(CJES/IFEX) – Larisa Arap, a member of the opposition movement United Civil Front, has been forcibly hospitalized in a Murmansk psychiatric clinic. Yelena Vasilyeva, the head of the movement’s Murmansk division, told CJES Arap’s hospitalization occurred following the publication of her article on the city’s psychiatric clinics in a special edition of the movement’s newspaper. […]
(CJES/IFEX) – Larisa Arap, a member of the opposition movement United Civil Front, has been forcibly hospitalized in a Murmansk psychiatric clinic.
Yelena Vasilyeva, the head of the movement’s Murmansk division, told CJES Arap’s hospitalization occurred following the publication of her article on the city’s psychiatric clinics in a special edition of the movement’s newspaper. In her article, Arap addressed the issue of violence used by medical staff in the treatment of mental patients in the regional psychiatric hospital.
“On July 5 [2007], Larisa went to the clinic to get some papers she needed. A month before, she had undergone a medical examination to re-register her driving license. When she entered the psychiatrist’s office and gave her name, she was surprised by the reaction of doctor Olga Reshet, who asked her whether she was the journalist who had written the article on the clinic. Larisa said she was indeed that journalist. The doctor then called for the police and an ambulance. Larisa had her hands bound and was taken to the Murmansk psychiatric hospital. When her husband and daughter came to the clinic, the doctor on duty threw a copy of the newspaper containing Larisa’s publication in their faces. He began yelling at them that no one has a right to write on what is going on in the hospital [. . .],” Vasilyeva told CJES.
Vasilyeva also said that Arap’s relatives had filed a written request for information regarding the journalist’s diagnosis, to which the doctors responded that they would not disclose that information as it constituted a medical secret, although by law close relatives have a right to be informed of the diagnosis in such cases.
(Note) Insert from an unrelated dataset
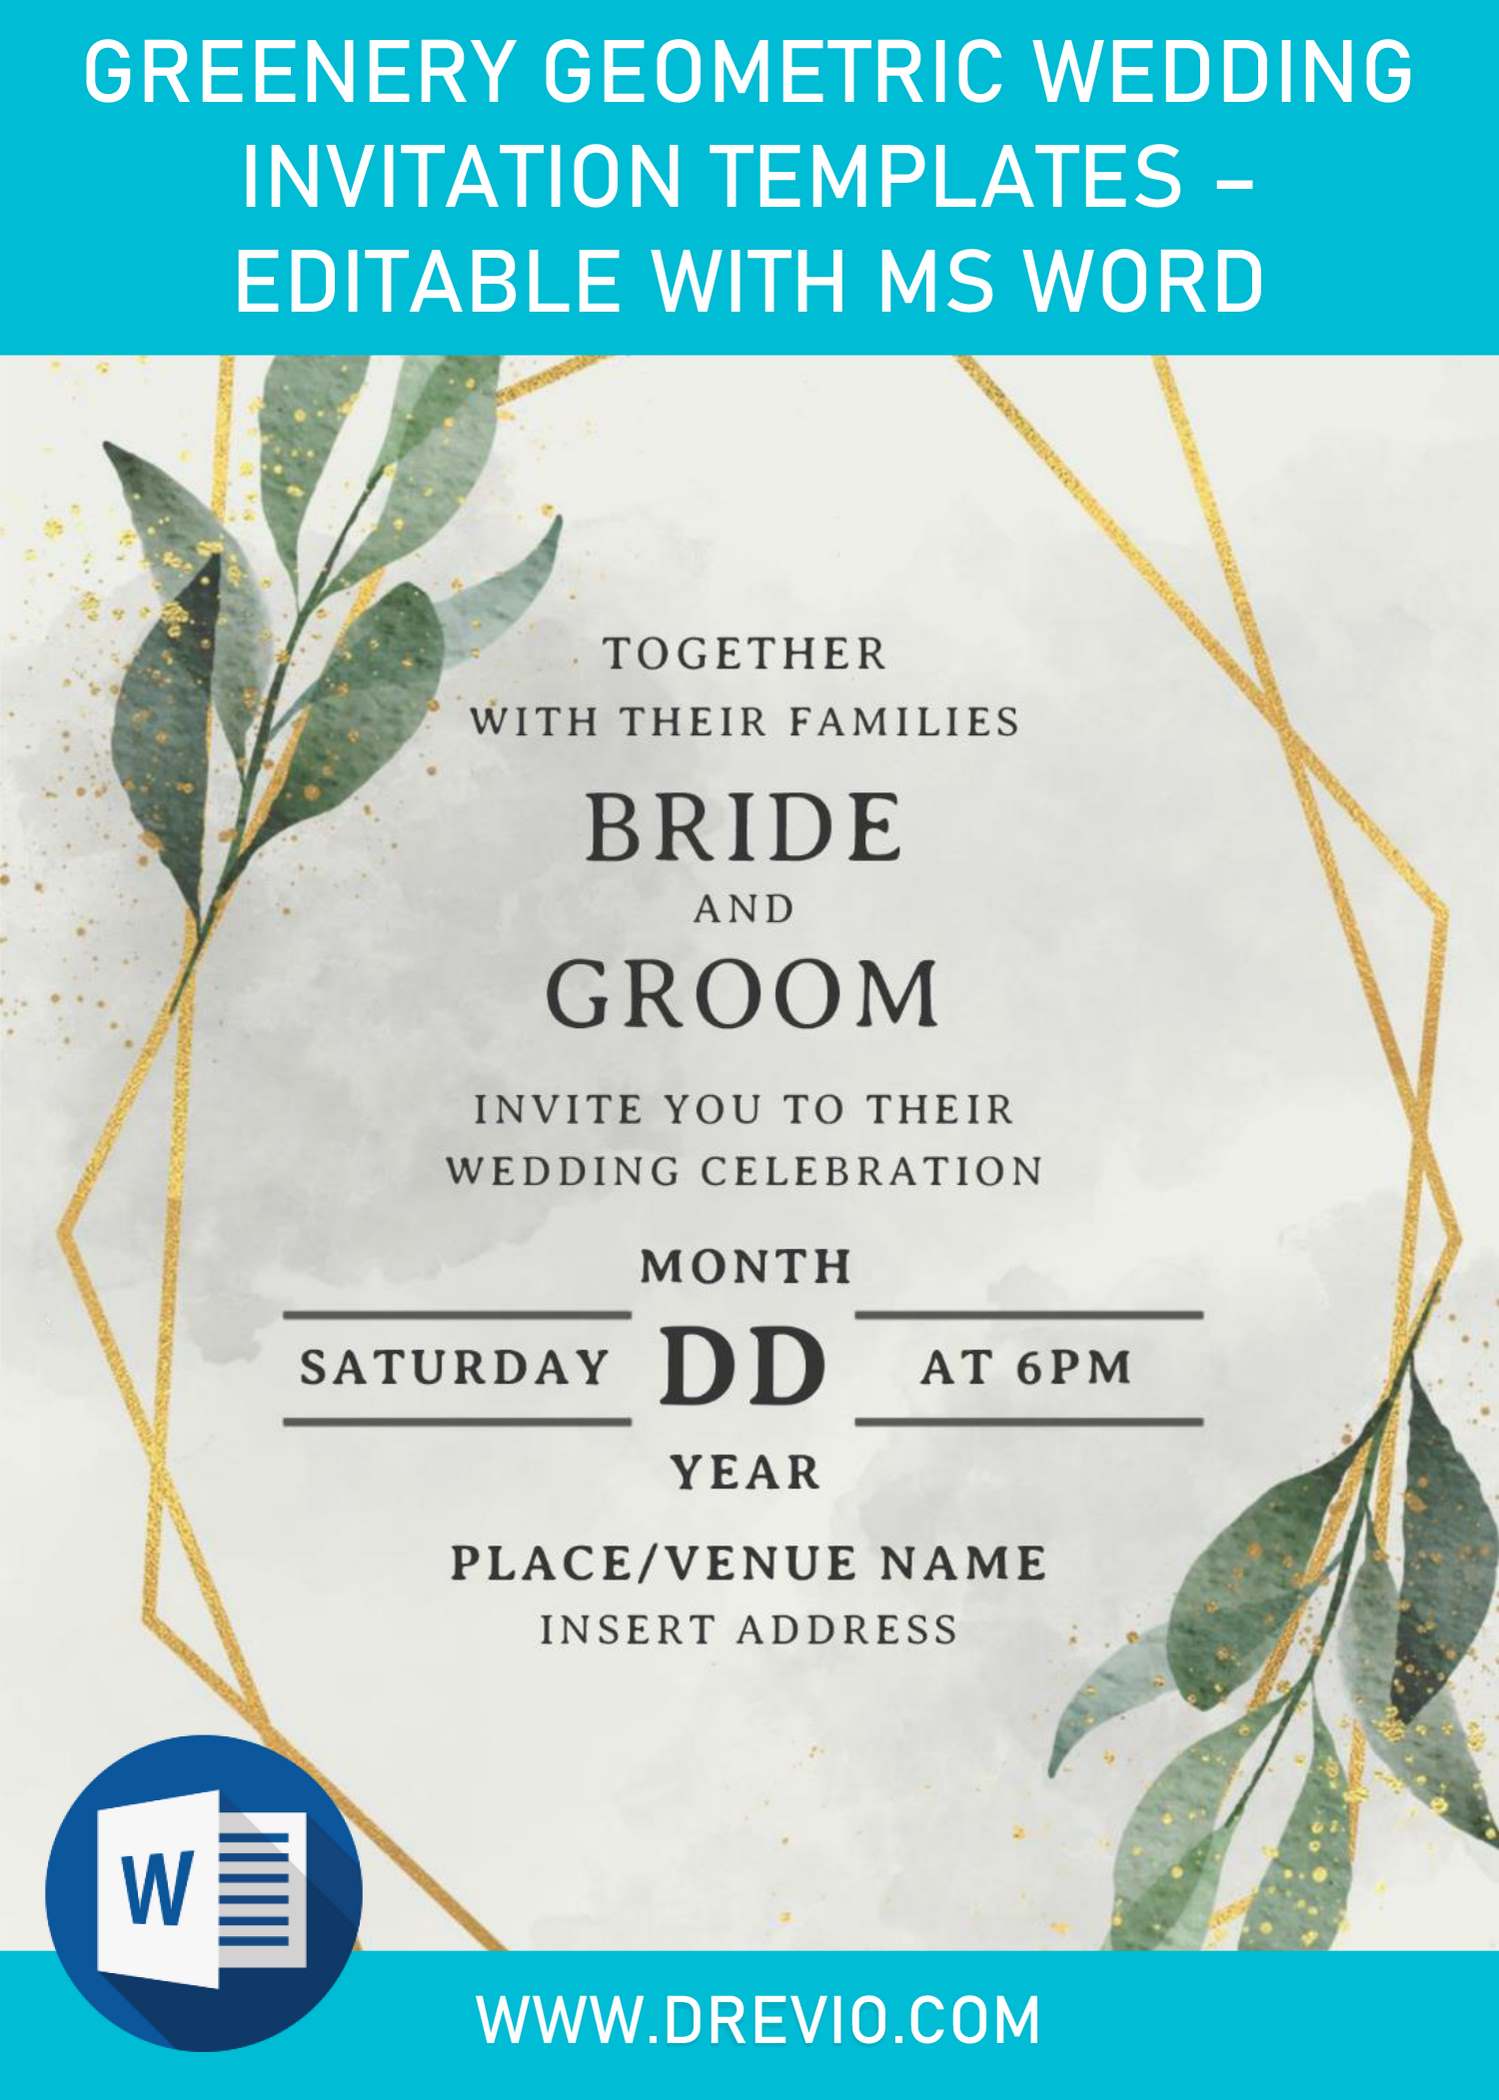 Greenery Geometric Wedding Invitation Templates - Editable With MS Word and has

Moreover, the doctors were required to notify the journalist’s relatives of her forcible hospitalization within 24 hours, but only did so on 24 July.
“Patients can only be forcibly treated under a court ruling. But the trial was only held on July 18,” said Vasilyeva.
Vasilyeva and Arap’s relatives believe that the hospital administration is punishing the journalist for her article. “On the other and, we do no rule out [the possibility] that the doctors received instructions from the political department of the Federal Security Service, which was created on April 7 to combat opposition movements, and Larisa Arap is an active member of an opposition movement,” said Vasilyeva.
Vasilyeva also said United Civil Front leader Garry Kasparov is currently preparing to send urgent appeals to Russian human rights ombudsman Vladimir Lukin and presidential human rights adviser Ella Panfilova to intervene in the situation.